Identifying children most likely to have persistent neurological symptoms following concussion remains a largely hit-or-miss proposition, a systematic literature review suggested.
After reviewing 15 studies that attempted to find predictive factors for persistent concussion symptoms, Roger Zemek, MD, of Children's Hospital of Eastern Ontario in Ottawa, and colleagues found no consistent pattern in the results.
"Minimal, and at times contradictory evidence exists to associate clinically available factors with eventual development of persistent concussion symptoms in children," they wrote online in JAMA Pediatrics, the journal formerly known as Archives of Pediatric and Adolescent Medicine.
"Because there is no method to predict which children will experience prolonged symptoms versus which will have a rapid recovery, clinicians must continue to recommend conservative management including both cognitive and physical rest, followed by a stepwise return to activities for all children."
Zemek and colleagues added that "a multicenter prospective study" is needed to identify factors that could distinguish low-risk from high-risk cases.
"Research to improve care of pediatric concussion depends on early identification of those most in need of intervention," they argued.
The major problem with the existing studies was what Zemek and colleagues called "excessive heterogeneity" in methods, including patient inclusion and exclusion criteria, definition of concussion, and instruments for measuring post-concussion symptoms.
Such heterogeneity extended beyond the studies they reviewed. The ICD-10 diagnostic system, for example, defines persistent concussion symptoms as those present 1 month after injury, whereas the DSM-IV classification of psychiatric conditions requires symptoms to persist for 3 months.
Zemek and colleagues also pointed to the large array of instruments for measuring persistent symptoms. Ten different assessment tools were used in the 15 studies included in the review.

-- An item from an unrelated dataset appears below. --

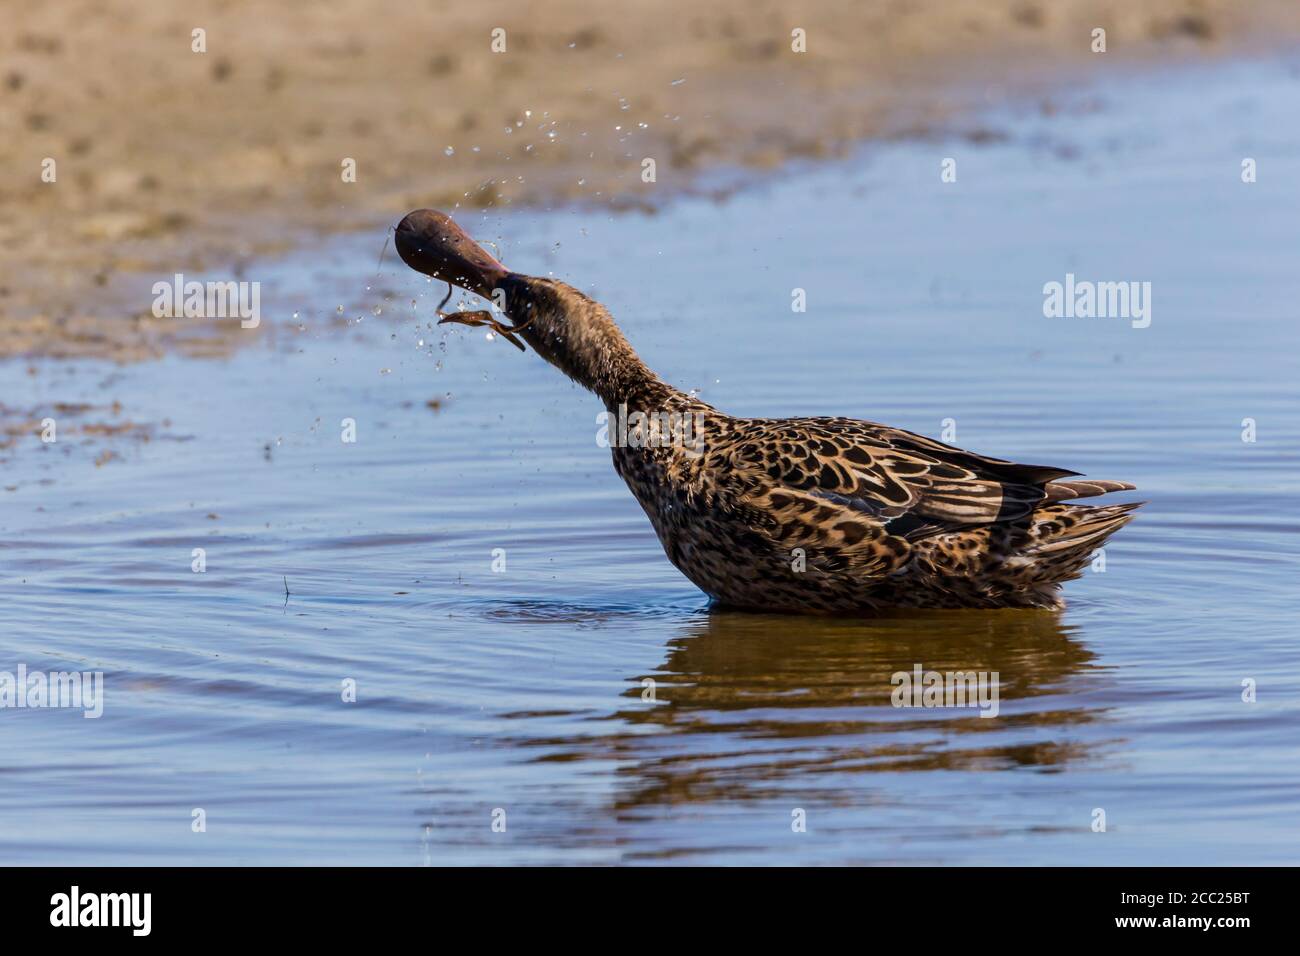 Germany, Schleswig Holstein, Shoveler bird swimming in water Stock Photo

Starting with 561 published studies on concussion in children, Zemek and colleagues threw out all but 15 for failing to provide data on all of the following clinical factors:
- Medical history including previous concussion
- Comorbidities including mental health, psychosocial stressors, and coping skills
- Medication use at presentation
- Mechanism of injury
- Symptom presence and severity at initial presentation
Enrollment in the 15 studies ranged from 34 to 867; most included control participants who had not suffered head injuries. Controls included healthy siblings as well as children with other types of injuries or illnesses.
Because of the heterogeneity in the 15 studies selected for inclusion, the researchers decided a pooled meta-analysis was impossible.
Nevertheless, some clues to potential predictors could be gleaned from the studies, Zemek and colleagues suggested.
"[Two] larger prospective studies concluded that the risk for developing persistent concussion symptoms was increased in older children with a history of loss of consciousness and either headache or nausea/vomiting," they found.
"Several smaller studies also noted that initial dizziness may be predictive of prolonged symptoms. While many studies excluded patients with a history of head injury, learning difficulties, or behavioral problems, one study that did not exclude these patients concluded that these pre-morbid conditions also increased risk."
Zemek and colleagues added that they could not reach "clear conclusions" on factors potentially associated with safe resumption of normal activities such as school and sports.